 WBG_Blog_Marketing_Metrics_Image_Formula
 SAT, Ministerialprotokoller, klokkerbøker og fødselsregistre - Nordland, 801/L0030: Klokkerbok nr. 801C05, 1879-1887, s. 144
════════════════════
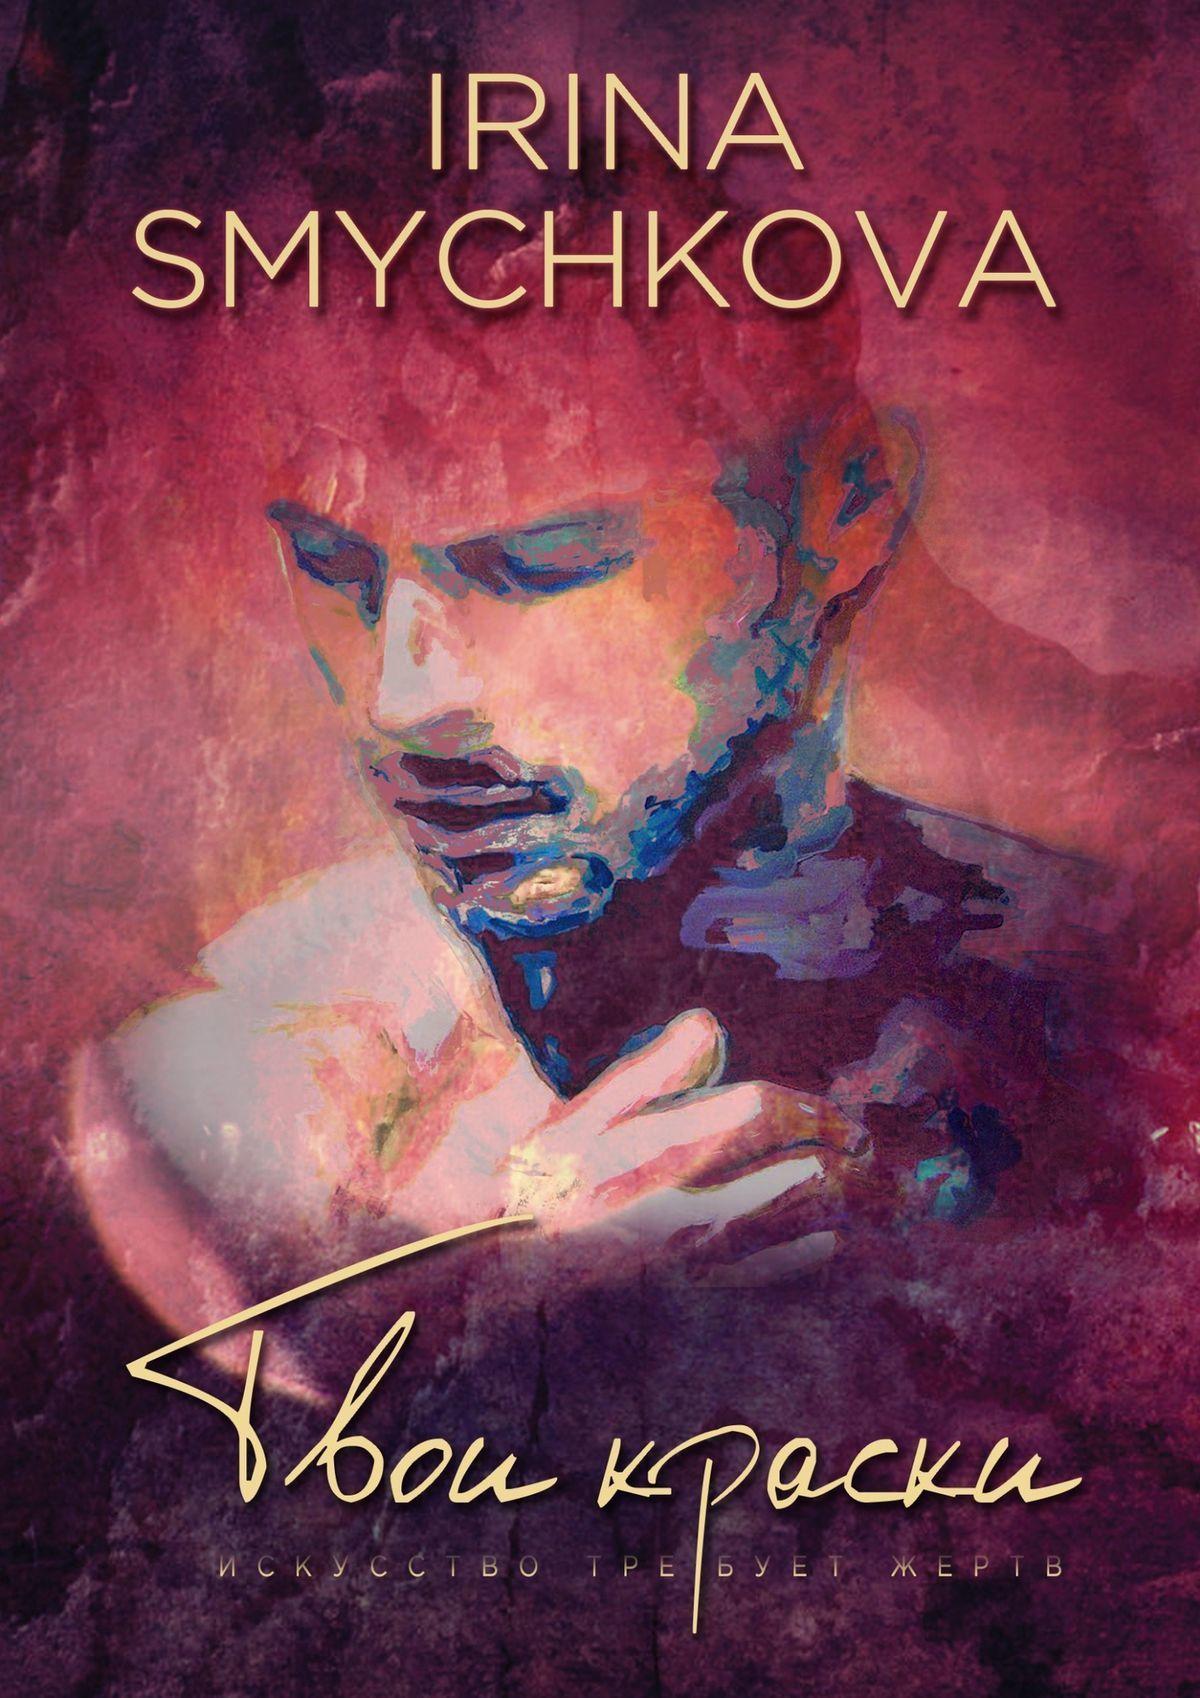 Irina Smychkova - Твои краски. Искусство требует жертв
════════════════════
The problem >> From the records above, transcribe without alteration every line from the one with "WBG_Blog_Marketing_Metrics_Image_Formula" to the one with "SAT, Ministerialprotokoller, klokkerbøker", inclusive.

Result for this task >>
 WBG_Blog_Marketing_Metrics_Image_Formula
 SAT, Ministerialprotokoller, klokkerbøker og fødselsregistre - Nordland, 801/L0030: Klokkerbok nr. 801C05, 1879-1887, s. 144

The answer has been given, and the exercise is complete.